CIBC's appeal that the certified lawsuit should not be certified is likely to be heard later this year
kieranbridge
Kieran A.G. Bridge Law Corp. principal Kieran Bridge is representing Victoria resident Erin Sherry in a class-action lawsuit against CIBC

A certified class-action lawsuit that alleges that the Canadian Imperial Bank of Commerce (CIBC) had “vague” wording and “inappropriate” penalties in its mortgage contracts continues to wind its way through the courts, the lawyer working for the representative plaintiff told Business in Vancouver May 13.

CIBC (TSX:CM) is appealing the case, saying that it should not be certified as a class action. That appeal is expected to be heard by the end of 2015 or in early 2016, said Kieran Bridge, who is a principal at Kieran A.G. Bridge Law Corp.

Recent developments, since Business in Vancouver first covered the lawsuit in August 2014 , include B.C. Supreme Court Justice Jeanne Watchuk’s March 31 ruling that accepts Bridge’s definition of who is eligible to be included as part of the class and Bridge’s contention that punitive damages are appropriate.

“That does not mean that punitive damages will be awarded at this stage,” Bridge told BIV. “We’re still in the early days of this. Her ruling was that punitive damages are appropriate for a class action.”

At least 52,200 British Columbians will be entitled to refund cheques from CIBC if Bridge’s class-action lawsuit succeeds, he said.

The representative plaintiff in the case is Victoria resident Erin Sherry, who wanted out of a CIBC mortgage when her marriage dissolved.

The bank hit her with $47,869 in fees because she was only two years into a 10-year mortgage and interest rates had fallen between the time Sherry had committed to the mortgage and when she wanted to break it.

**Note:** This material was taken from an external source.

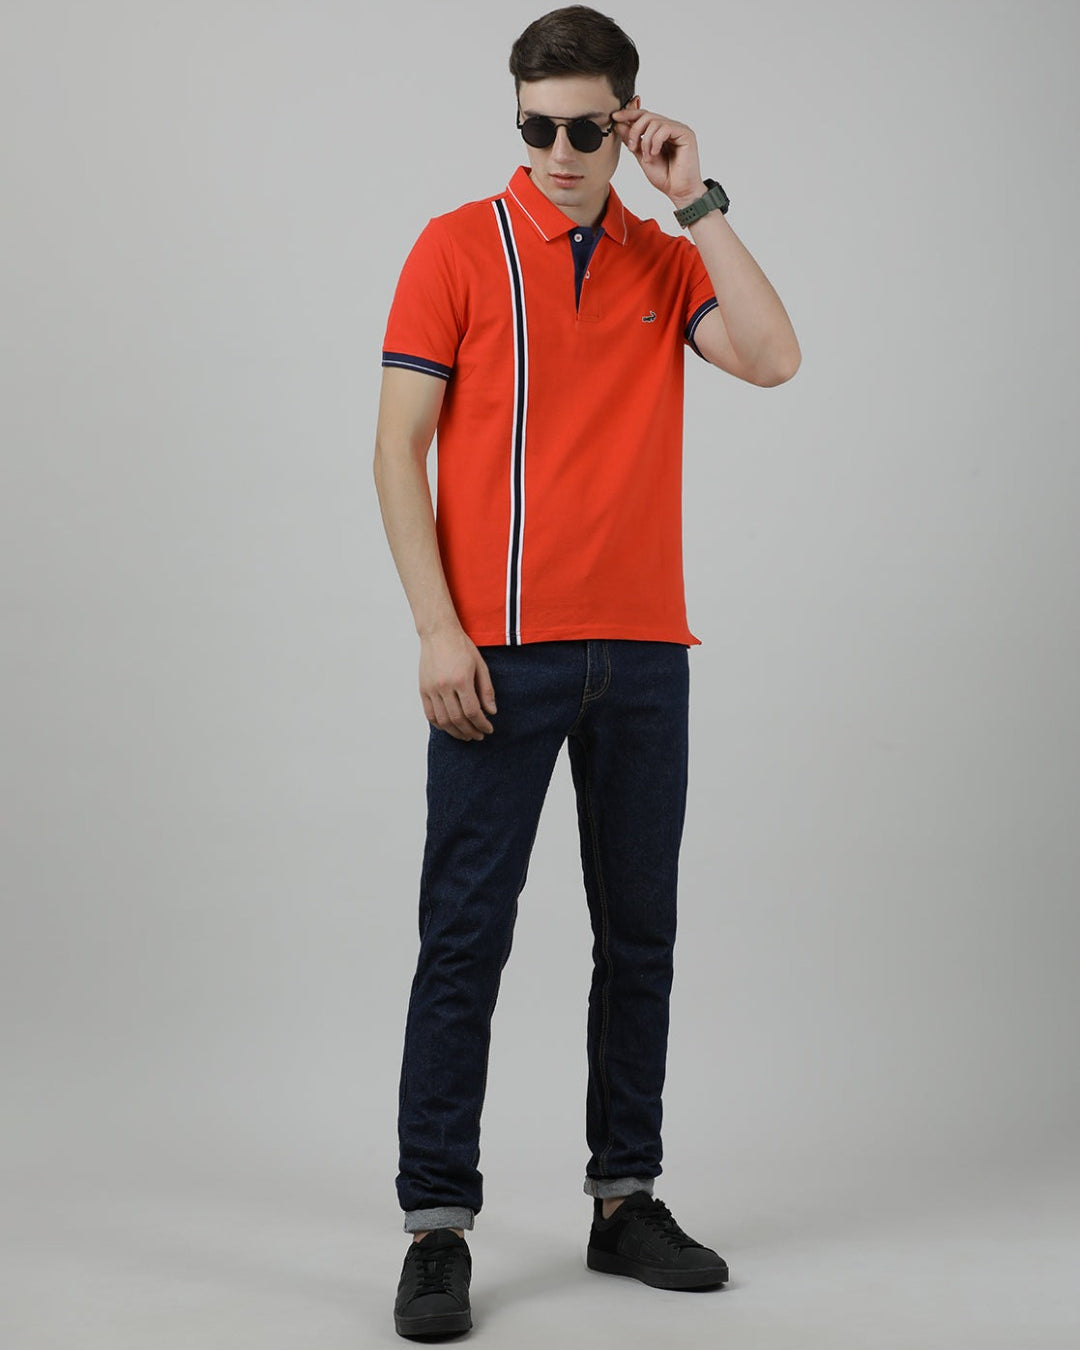 Crocodile Casual Red Solid Polo T-Shirt Half Sleeve Slim Fit with Collar for Men
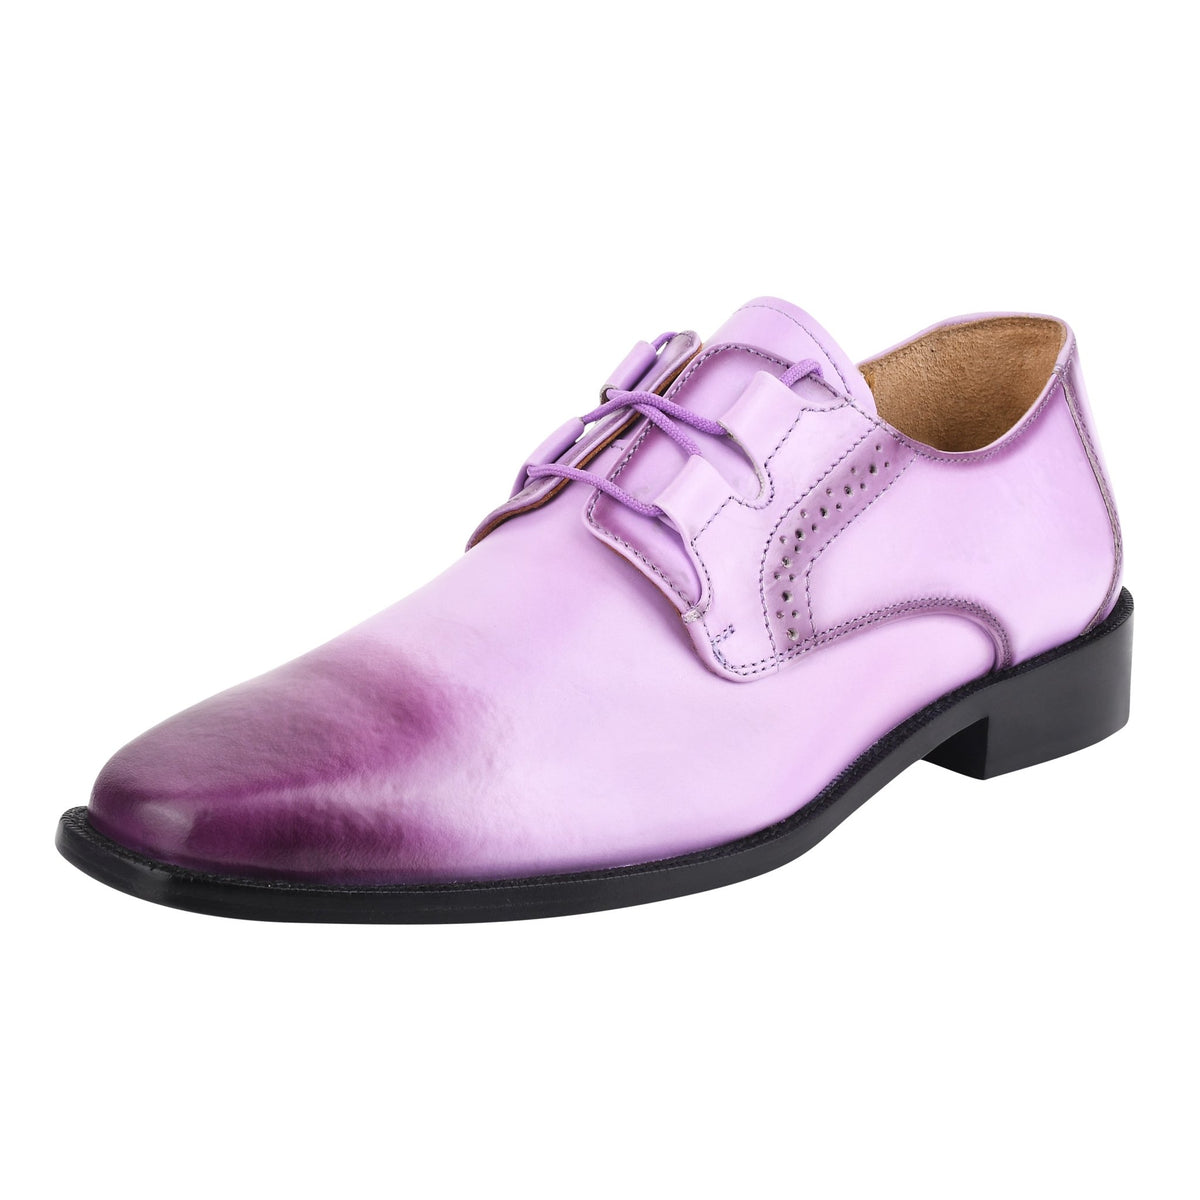 Barbara Genuine Leather Oxford Dress Shoes for Men in Lilac and Olive ...

Her argument to get out of paying those fees is twofold, Bridge told BIV last year.

Sherry’s first argument is that the language in the mortgage document from CIBC's CIBC Mortgage Inc. subsidiary was so vague that it rendered the contract legally unenforceable.

Her other argument is that the mathematical formula that the bank used is improper, Bridge said.

“If an appropriate formula was used then the penalty would have been less.”